It is clearly in the tradition of biologists to conceptualize the dynamical evolution of biological systems in terms of statetransitions
of biological objects. This paper is mainly concerned with (but obviously not limited too) the immunological
branch of biology and shows how the adoption of UML (Unified Modeling Language) state-transition diagrams can ease the
modeling, the understanding, the coding, the manipulation or the documentation of population-based immune software
model generally defined as a set of ordinary differential equations (ODE), describing the evolution in time of populations of
various biological objects. Moreover, that same UML adoption naturally entails a far from negligible representational
economy since one graphical item of the diagram might have to be repeated in various places of the mathematical model.
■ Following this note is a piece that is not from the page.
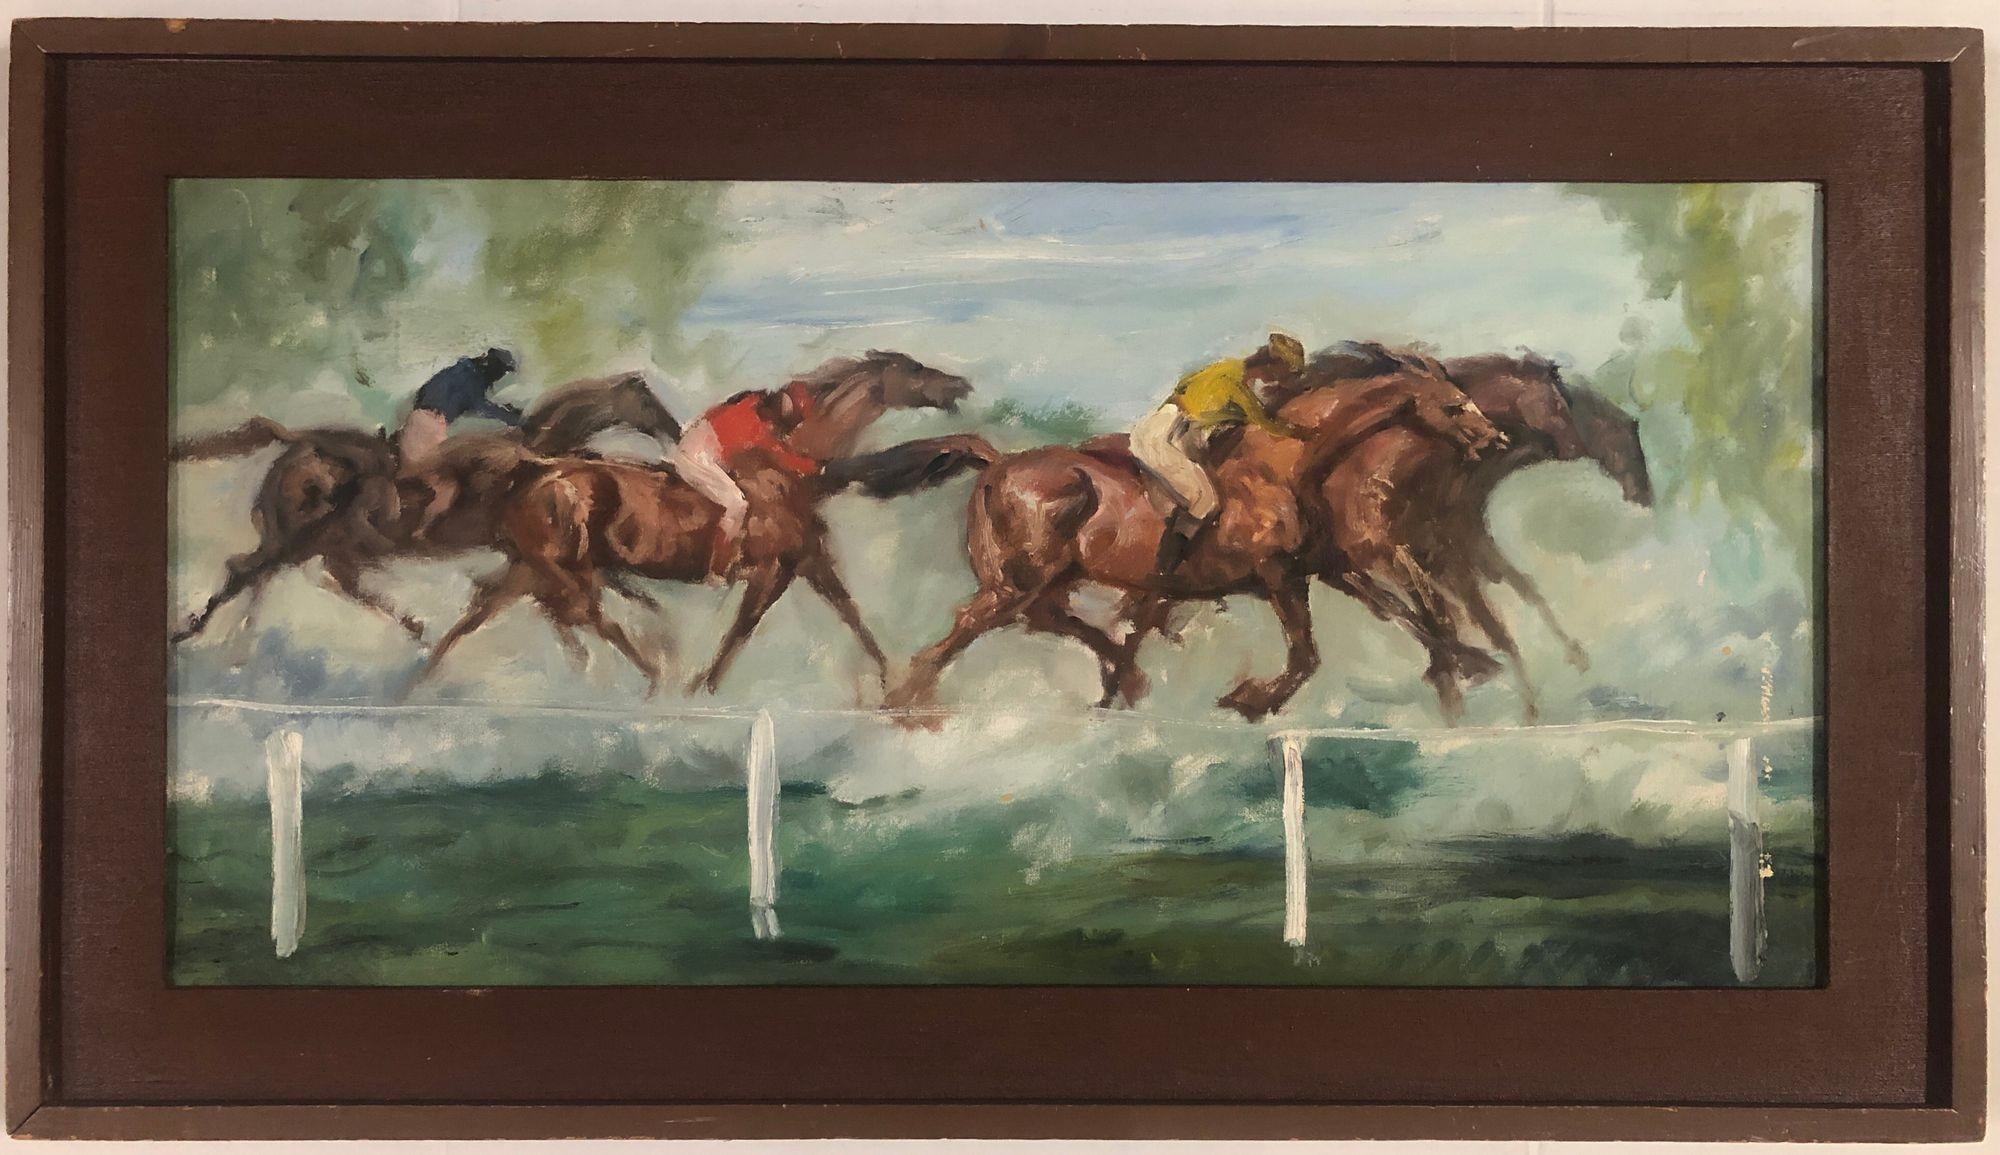 Expressionistisches Kunstwerk der Nachkriegszeit Ölgemälde einer Pferderennszene mit mehreren Jockeys im Rennen um die Ziellinie mit einem quadratischen Hartholzrahmen.

CIRCA 1960, unsigniert

First, the main graphical elements of the UML state-transition diagram and how they can be mapped onto a corresponding
ODE mathematical model are presented. Then, two already published immune models of thymocyte behavior and time
evolution in the thymus, the first one originally conceived as an ODE population-based model whereas the second one as
an agent-based one, are refactored and expressed in a state-transition form so as to make them much easier to understand
and their respective code easier to access, to modify and run. As an illustrative proof, for any immunologist, it should be
possible to understand faithfully enough what the two software models are supposed to reproduce and how they execute
with no need to plunge into the Java or Fortran lines.